Ich lag unter der Decke, mit dem Gesicht zur Wand und versuchte, alles zu mobilisieren, was ich an Kraft und Vernunft besaß, um mich zu beruhigen. Viel Macht besaß ich über meinen psychischen Zustand nicht, im Grunde gar keine. Irgendwann schlief ich dann doch ein, um schon im nächsten Moment – so kam es mir vor –  wieder aufzuschrecken. Etwas hat mich geweckt …
Ich setzte mich auf.
Am Ende des Flurs fiel durch das hohe Fenster graues Licht ein – der Tag brach an. Eine Schwester eilte an mir vorbei und als ihre Schritte verhallt waren, hörte ich es – ein leises Wimmern. Weinte irgendwo ein Kind? Das Wimmern – gleichmäßig, fortwährend – hörte sich nicht menschlich an. Ein Kätzchen? Aber in einem Krankenhaus?
Ich stand auf und sah mich um. Erst jetzt entdeckte ich am Fußende meines Bettes noch ein zweites. Wahrscheinlich hat man es hierher geschoben, während ich schlief. Das Geräusch kam eindeutig von dort. Ich näherte mich dem Gestell und sah darauf ein kleines Bündel liegen. Zwar konnte ich nichts Genaues erkennen, wusste aber schlagartig – das, was da in Tücher eingewickelt war, lebte.
Entsetzen machte sich in mir breit, denn mir war auch sofort klar, dass es sich nicht um ein Neugeborenes handelte. Mit Sicherheit würde man es hier nicht so achtlos abgelegt haben. Was war es dann? Ein Fötus? Ein viel zu früh geborenes menschliches Wesen?
Hilflos stand ich da und lauschte wie versteinert den dünnen, klagenden Lauten. Eine Schwester tauchte aus dem Behandlungszimmer auf und hoffnungsvoll dachte ich: Jetzt klärt sich bestimmt alles auf, aber sie ging an mir vorbei – stumm, gleichgültig.
Als ich erkannte, dass sich das Bündel kaum merklich bewegte, wurde mir schwindlig. Ich ging zurück zu meinem Bett, rollte mich darauf zusammen, zog die Decke über den Kopf und verharrte so, unfähig mich zu bewegen oder auch nur zu denken. Mein Verstand entglitt mir langsam. In die Bewusstlosigkeit? In den Schlaf? Als ich wieder zu mir kam und die Decke vorsichtig zurückschlug, war da nur noch die morgendliche Krankenhaus-Geräuschkulisse. Ich blickte zum anderen Bett. Leer. „Entsorgt“, blitzte es in meinem Kopf auf. Ja, man hat es entsorgt, vermutlich einfach in den Abfall geworfen.

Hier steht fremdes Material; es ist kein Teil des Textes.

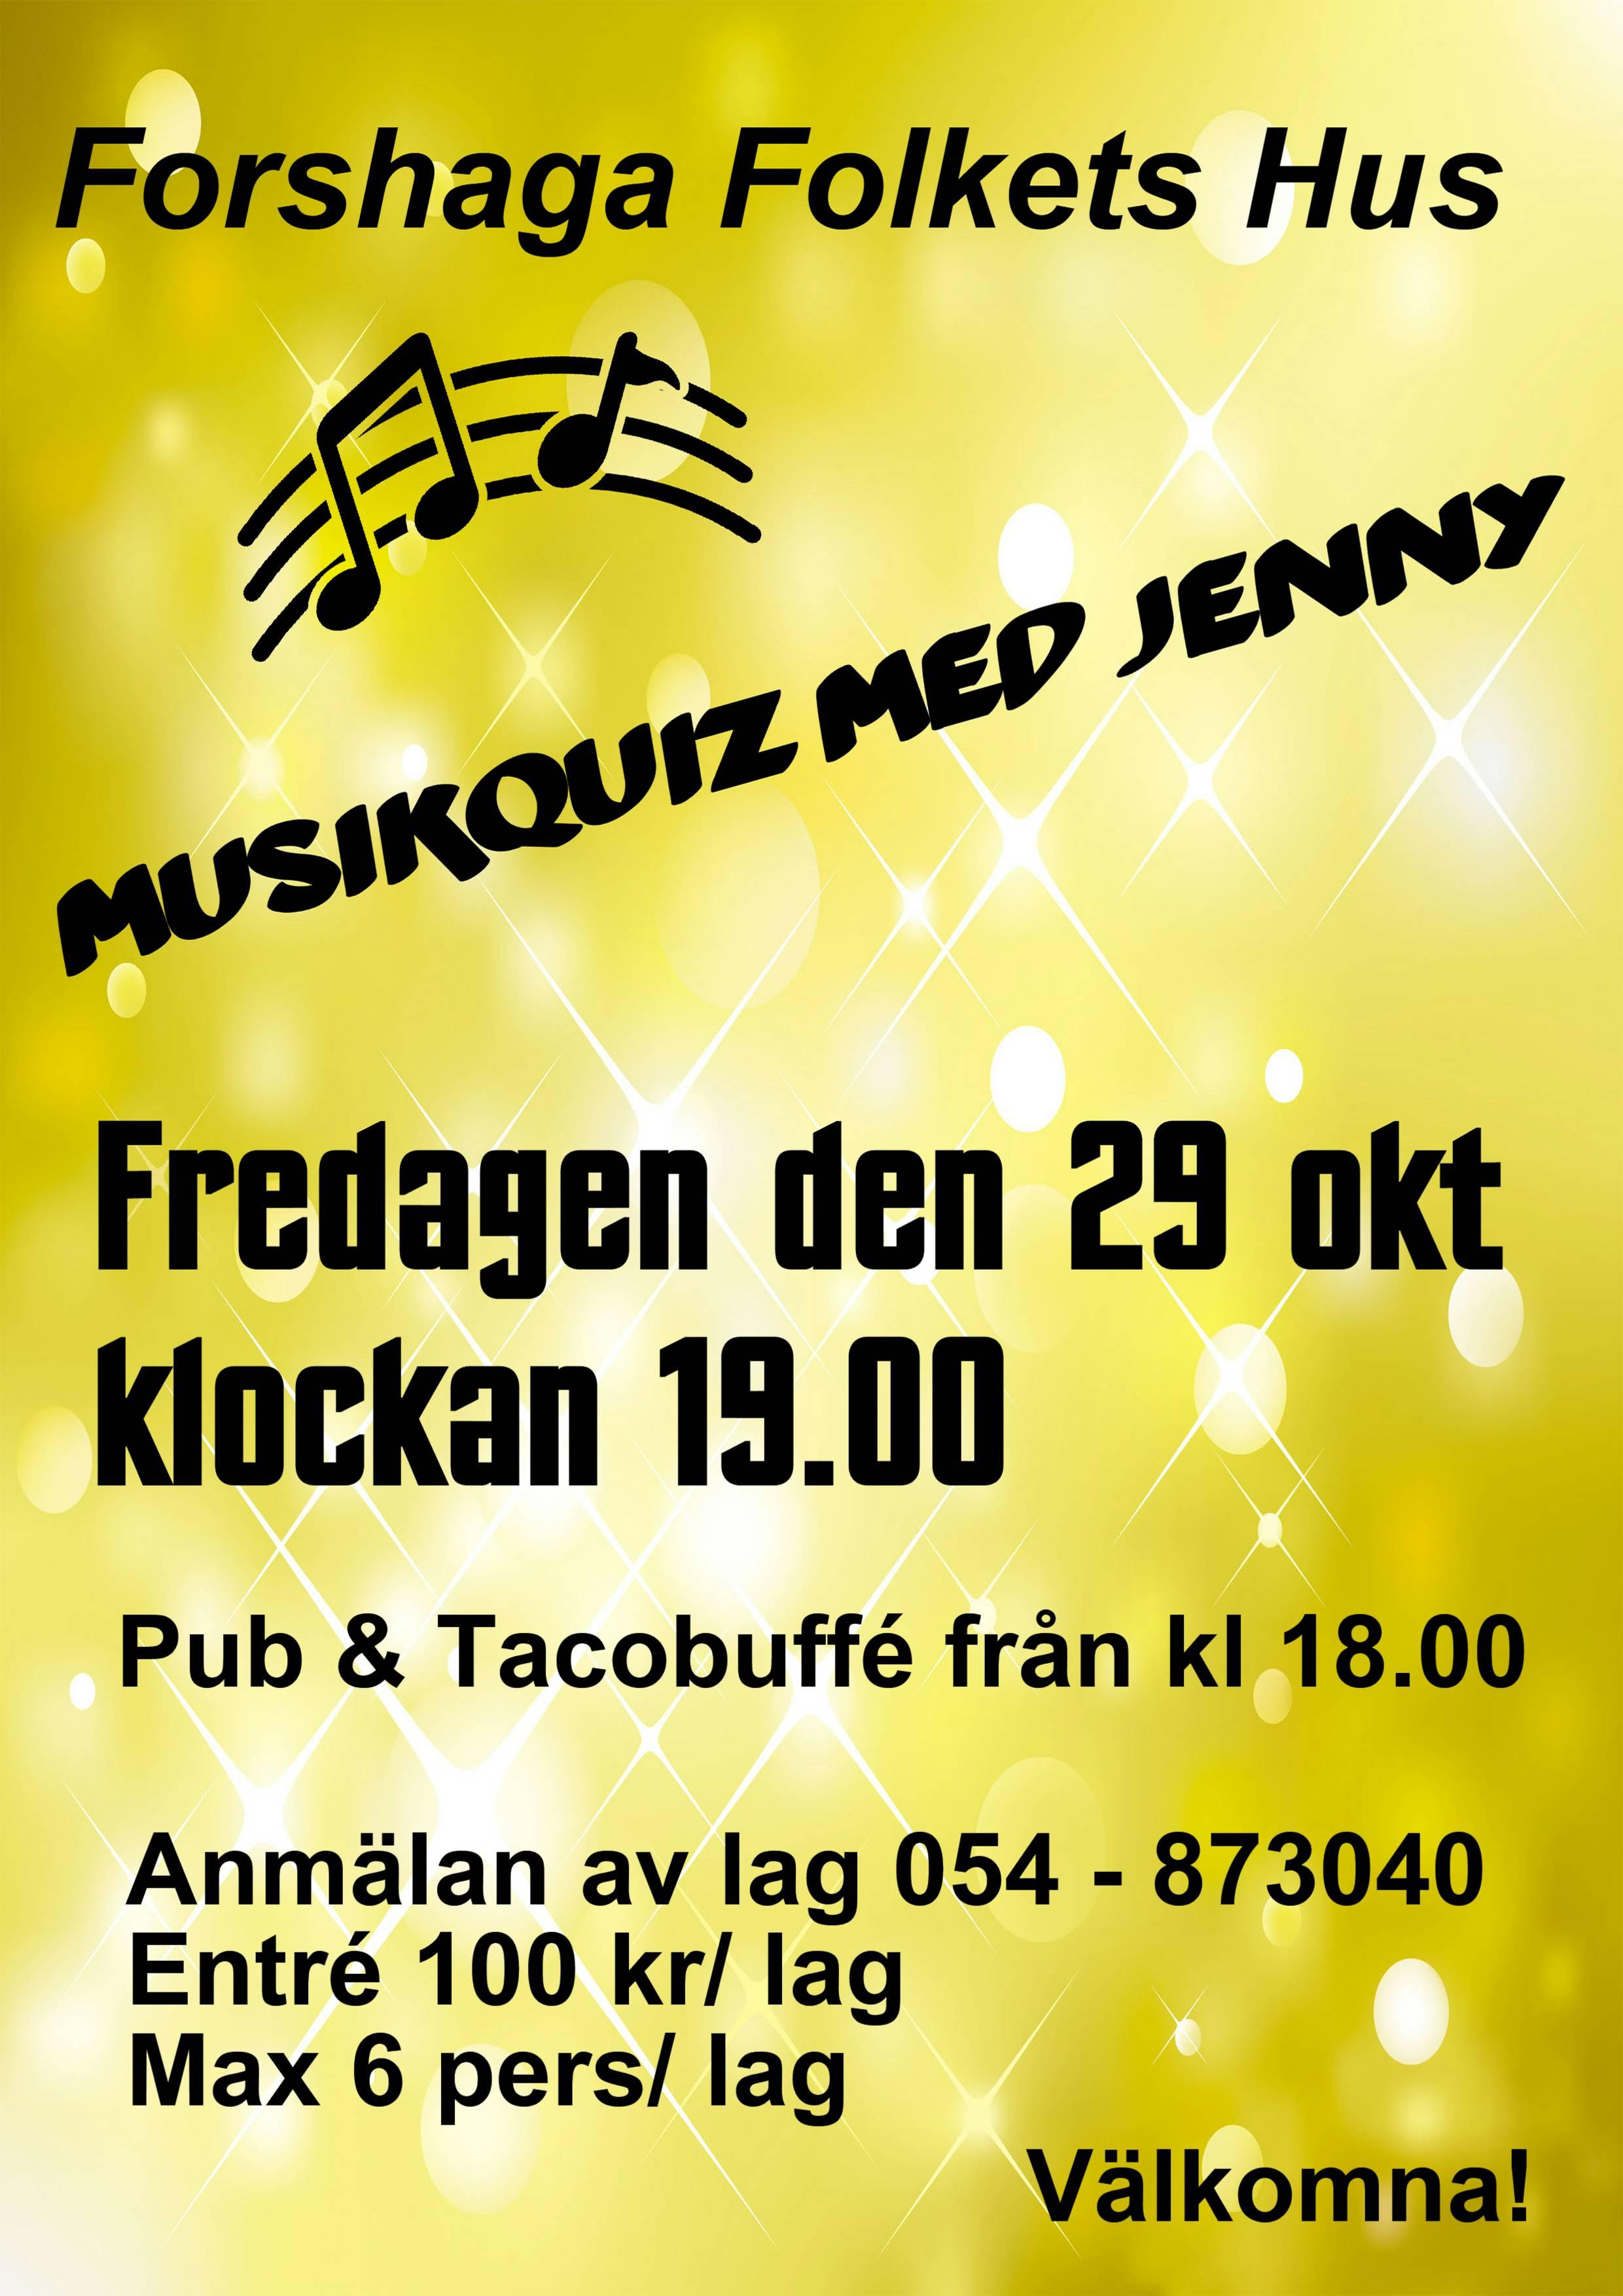 musikquiz 29 okt (002)

Der Albtraum dieses Tages nahm damit leider kein Ende. Hierzu jedoch nur noch so viel: Mein eigenes Martyrium – ein Gang durch die Hölle – stand mir noch bevor …

Besonders oft war ich im Krankenhaus nach der Geburt meines zweiten Kindes. Da der Kleine schon sehr früh Allergien hatte und oft kaum noch Luft bekam, stand auch häufig ein Krankenwagen vor unserer Haustür. Es konnte nicht vermieden werden – wollte ich meinem Sohn helfen, musste ich den Notruf wählen und mit ihm ins Krankenhaus fahren. Auch wenn nur von kurzer Dauer – zwei-drei Tage – so war es für mich eine grauenvolle Tortur, denn die Regeln in der Kinderklinik waren im Grunde die gleichen wie im Geburtshaus. Ich war wieder eingesperrt, zusammen mit meinem Kind und zusammen mit meiner Panik. Man stelle sich vor (wenn möglich): Der Tag hat viele Minuten, unendlich viele, und jede Minute trägt eine Ewigkeit in sich. In dieser Ewigkeit lebte ich, fühlte ich. Da war nichts anderes mehr, was das Leben lebenswert machte, da war nur die Qual, die Endlosigkeit, die Gewissheit, dieser Gefangenschaft, diesem Grauen nie mehr entkommen zu können.
Erst viel später, im Alter von etwa sieben Jahren, wurde meinem Sohn die Diagnose „Asthma bronchiale“ gestellt und er bekam ein Spray verschrieben, das ihm in der Atemnot half.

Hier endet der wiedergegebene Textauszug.